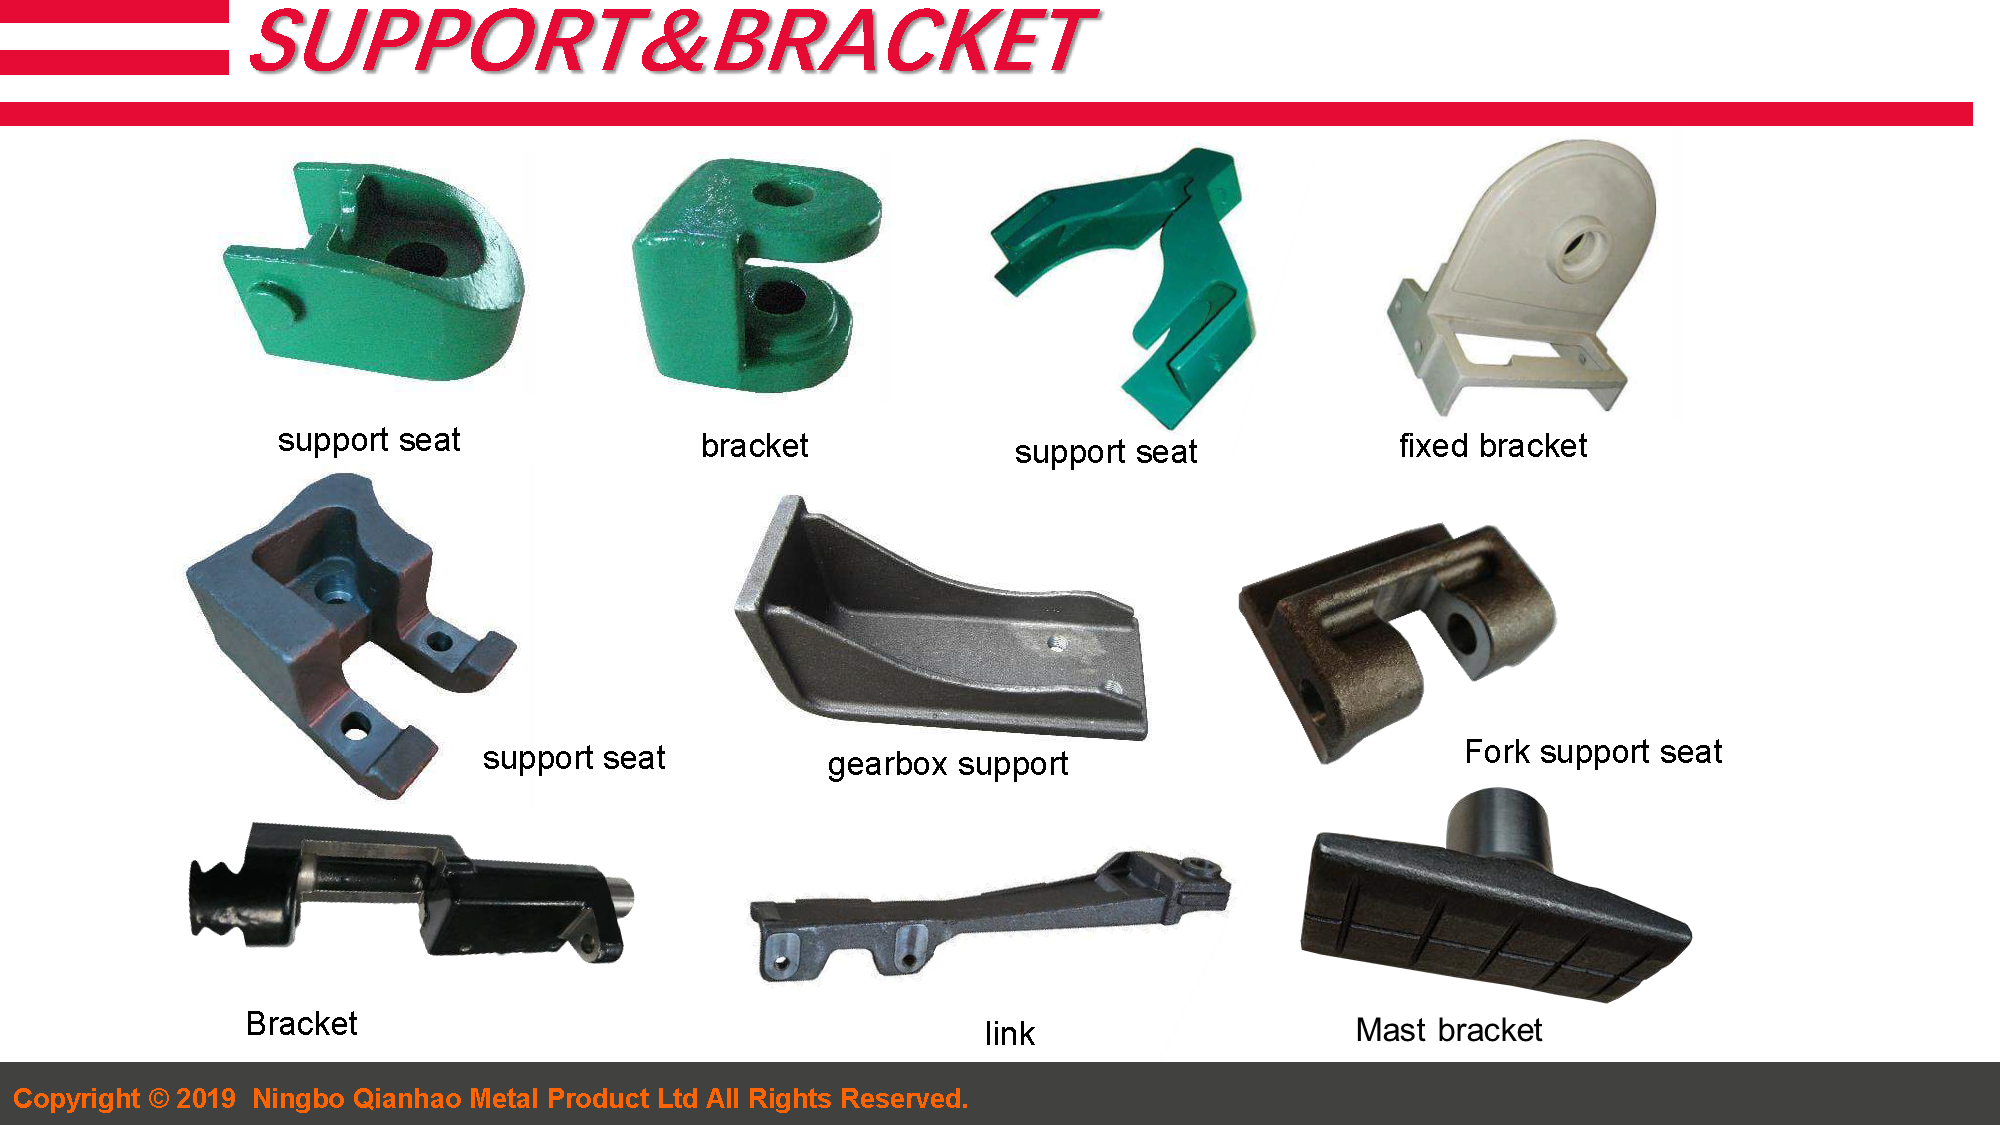 2.Forklift Components Capacity Introduction 19.4.9(图20)
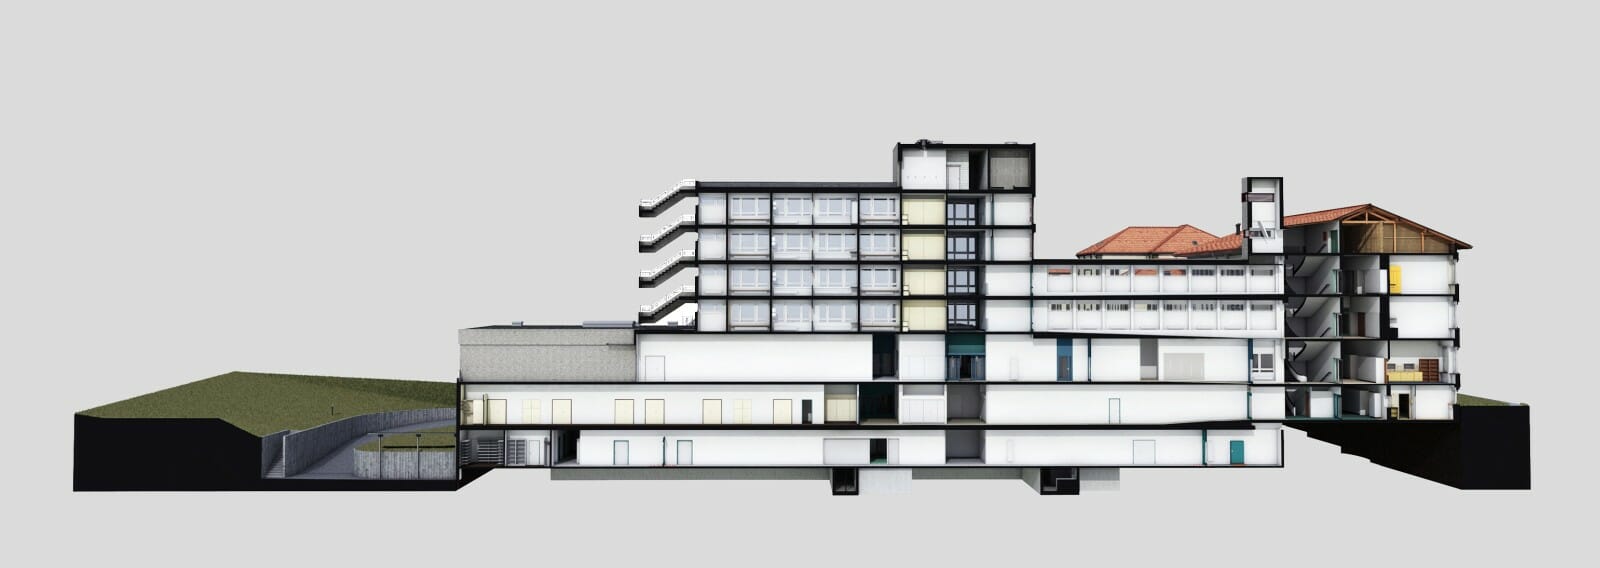 Project Spital Burgdorf
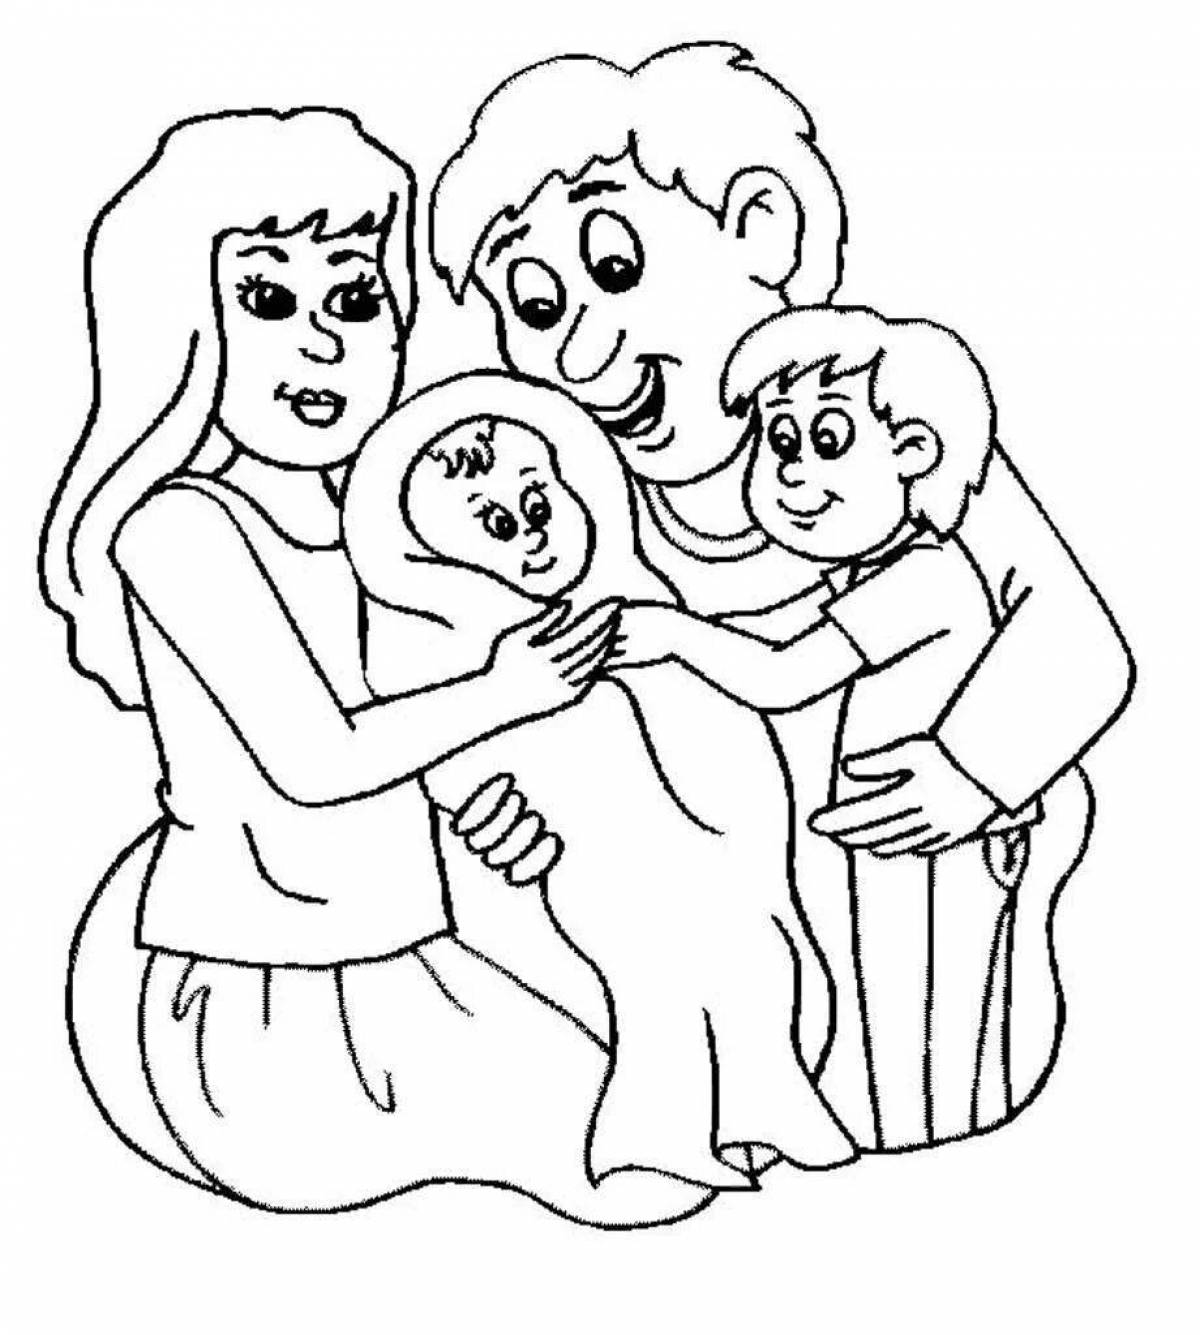 Adorable coloring book for parents
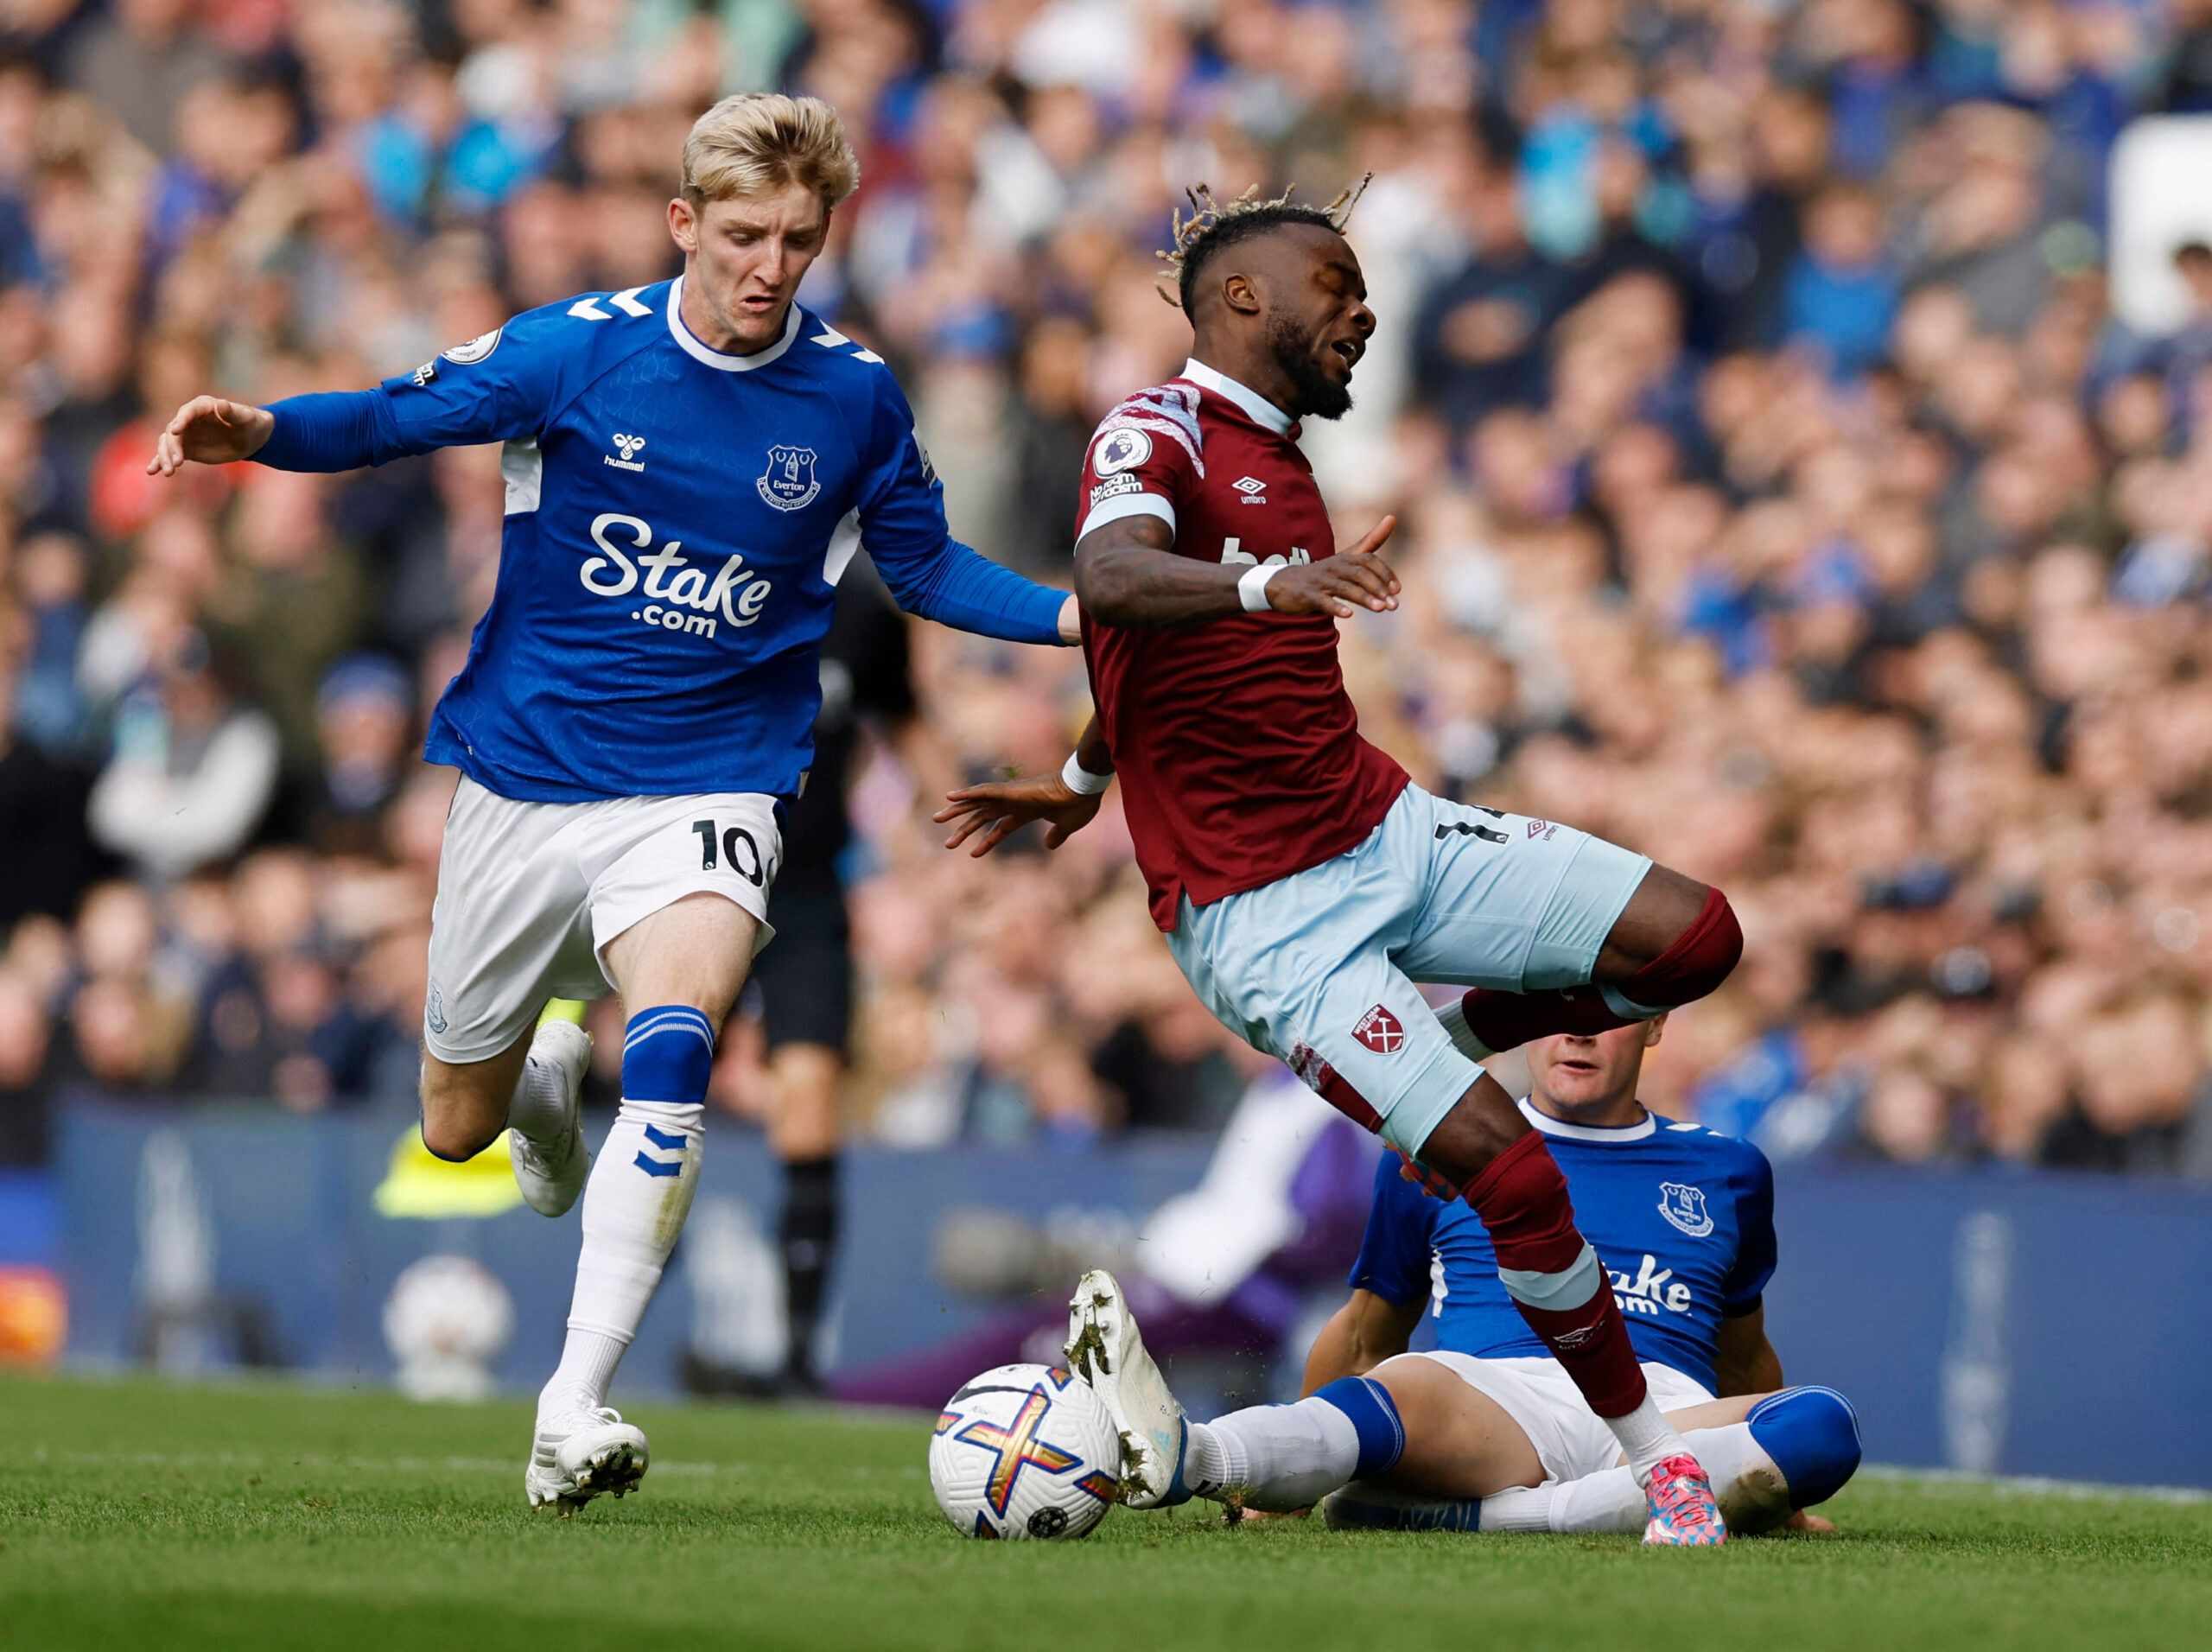 Soccer Football - Premier League - Everton v West Ham United - Goodison Park, Liverpool, Britain - September 18, 2022 Everton's Anthony Gordon fouls West Ham United's Maxwel Cornet before receiving a yellow card Action Images via Reuters/Jason Cairnduff EDITORIAL USE ONLY. No use with unauthorized audio, video, data, fixture lists, club/league logos or 'live' services. Online in-match use limited to 75 images, no video emulation. No use in betting, games or single club /league/player publication

*-*-*

Work required>
Transcribe the span of lines that runs from the line with "Adorable coloring book for parents" to the end of the data, both ends included, exactly, with nothing else and no pictures.

Answer box>
 Adorable coloring book for parents
 Soccer Football - Premier League - Everton v West Ham United - Goodison Park, Liverpool, Britain - September 18, 2022 Everton's Anthony Gordon fouls West Ham United's Maxwel Cornet before receiving a yellow card Action Images via Reuters/Jason Cairnduff EDITORIAL USE ONLY. No use with unauthorized audio, video, data, fixture lists, club/league logos or 'live' services. Online in-match use limited to 75 images, no video emulation. No use in betting, games or single club /league/player publication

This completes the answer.